Written/Paper Submissions
Submit written/paper submissions as follows:
• Mail/Hand delivery/Courier (for written/paper submissions): Division of Dockets Management (HFA-305), Food and Drug Administration, 5630 Fishers Lane, Rm. 1061, Rockville, MD 20852.
• For written/paper comments submitted to the Division of Dockets Management, FDA will post your comment, as well as any attachments, except for information submitted, marked and identified, as confidential, if submitted as detailed in "Instructions."
Instructions: All submissions received must include the Docket No. FDA-2015-N-0684 for Identification of Alternative In Vitro Bioequivalence Pathways Which Can Reliably Ensure In Vivo Bioequivalence of Product Performance and Quality of Non-Systemically Absorbed Drug Products for Animals; Reopening of the Comment Period. Received comments will be placed in the docket and, except for those submitted as "Confidential Submissions," publicly viewable at http://www.regulations.gov or at the Division of Dockets Management between 9 a.m. and 4 p.m., Monday through Friday.
• Confidential Submissions-To submit a comment with confidential information that you do not wish to be made publicly available submit your comments only as a written/paper submission. You should submit two copies total. One copy will include the information you claim to be confidential with a heading or cover note that states "THIS DOCUMENT CONTAINS CONFIDENTIAL INFORMATION". The Agency will review this copy, including the claimed confidential information, in its consideration of comments.
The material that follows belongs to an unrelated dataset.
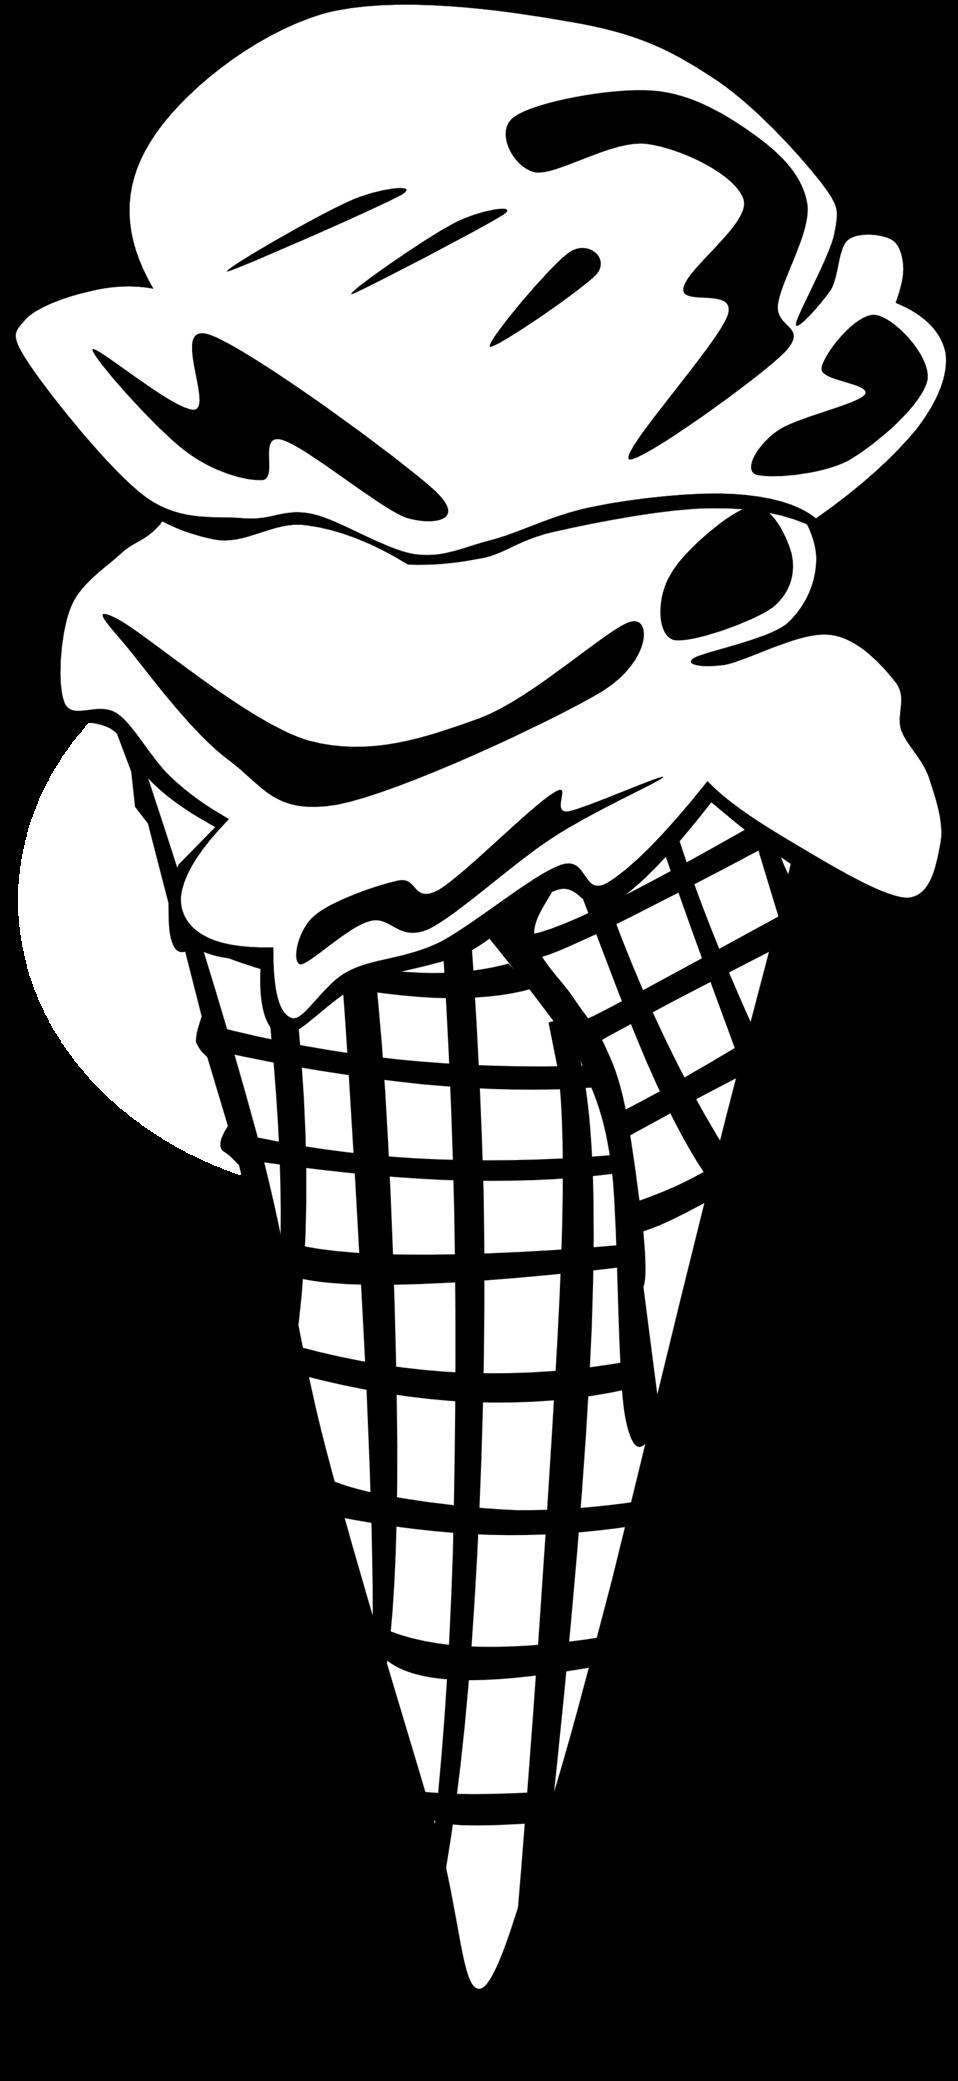 Public domain clip art. Waffle clipart svg

The second copy, which will have the claimed confidential information redacted/blacked out, will be available for public viewing and posted on http://www.regulations.gov. Submit both copies to the Division of Dockets Management. If you do not wish your name and contact information to be made publicly available, you can provide this information on the cover sheet and not in the body of your comments and you must identify this information as "confidential." Any information marked as "confidential" will not be disclosed except in accordance with 21 CFR 10.20 and other applicable disclosure law. For more information about FDA's posting of comments to public dockets, see 80 FR 56469, September 18, 2015, or access the information at: http://www.fda.gov/regulatoryinformation/dockets/default.htm.
Docket: For access to the docket to read background documents or the electronic and written/paper comments received, go to http://www.regulations.gov and insert the docket number, found in brackets in the heading of this document, into the "Search" box and follow the prompts and/or go to the Division of Dockets Management, 5630 Fishers Lane, Rm. 1061, Rockville, MD 20852.
Submit written requests for single copies of the guidance to the Policy and Regulations Staff (HFV-6), Center for Veterinary Medicine, Food and Drug Administration, 7519 Standish Pl., Rockville, MD 20855. Send one self-addressed adhesive label to assist that office in processing your requests. See the SUPPLEMENTARY INFORMATION section for electronic access to the guidance document.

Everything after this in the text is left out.